Sunday, November 20, 2005

It Just Doesn't Stop

More from the LATimes article, via Josh Marshall:
"An investigation by The Times based on interviews since May with about 30 current and former intelligence officials in the U.S., Germany, England, Iraq and the United Nations, as well as other experts, shows that U.S. bungling in the Curveball case was worse than official reports have disclosed. The White House, for example, ignored evidence gathered by United Nations weapons inspectors shortly before the war that disproved Curveball's account." How U.S. Fell Under the Spell of 'Curveball'
No pressure here. "At the Central Intelligence Agency, officials embraced Curveball's account even though they could not confirm it or interview him until a year after the invasion. They ignored multiple warnings about his reliability before the war, punished in-house critics who provided proof that he had lied and refused to admit error until May 2004, 14 months after the invasion." "After the CIA vouched for Curveball's accounts, Bush declared in his 2003 State of the Union speech that Iraq had 'mobile biological weapons labs' designed to produce 'germ warfare agents.' Bush cited the mobile germ factories in at least four prewar speeches and statements, and other world leaders repeated the charge." And it was all bullshit. Fantasies woven from whole cloth by a certifiable nut case. And that's not all, folks! George Bush (11.11.05):
"These critics are fully aware that a bipartisan Senate investigation found no evidence of political pressure to change the intelligence community's judgments related to Iraq's weapons programs." President Commemorates Veterans Day, Discusses War on Terror
"Curveball was the chief source of inaccurate prewar U.S. accusations that Baghdad had biological weapons, a commission appointed by Bush reported this year.
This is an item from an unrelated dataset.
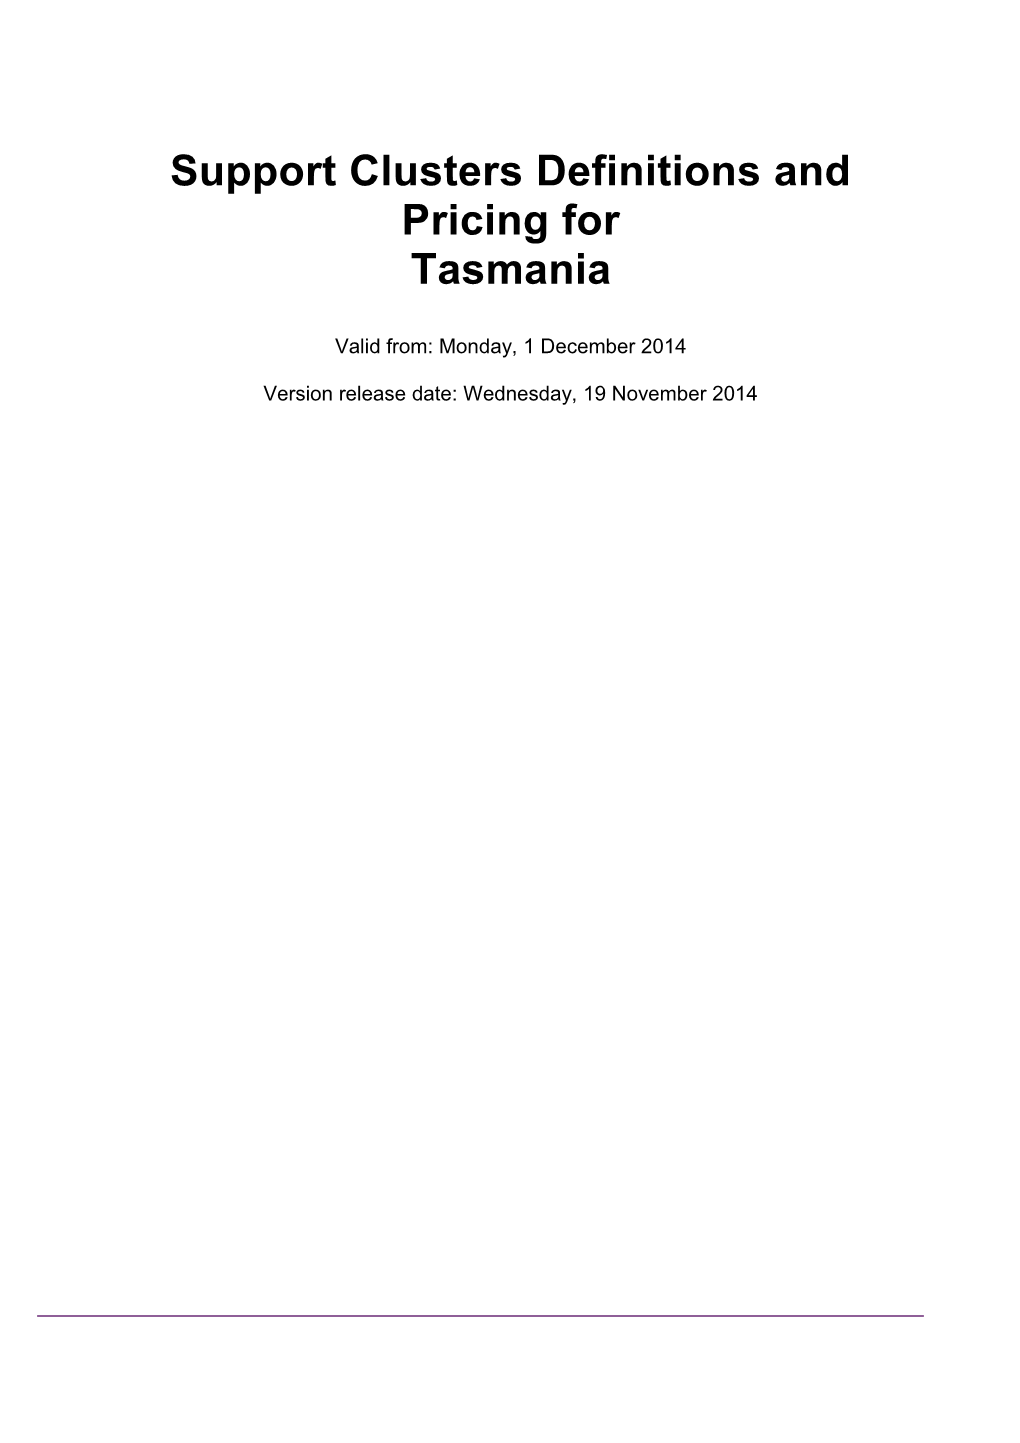 Support Clusters Definitions and Pricing for Tasmania

The commission did not interview Curveball, who still insists his story was true, or the German officials who handled his case." Uhhh, must have forgot or something. "The German account emerges as the White House is lashing out at domestic critics, particularly Senate Democrats, over allegations the administration manipulated intelligence to go to war. Last week, Vice President Dick Cheney called such claims reprehensible and pernicious." "In Congress, the Senate Select Committee on Intelligence is resuming its long-stalled investigation of the administration's use of prewar intelligence. Committee members said last week that the Curveball case would be a key part of their review. House Democrats are calling for a similar inquiry." Uh oh.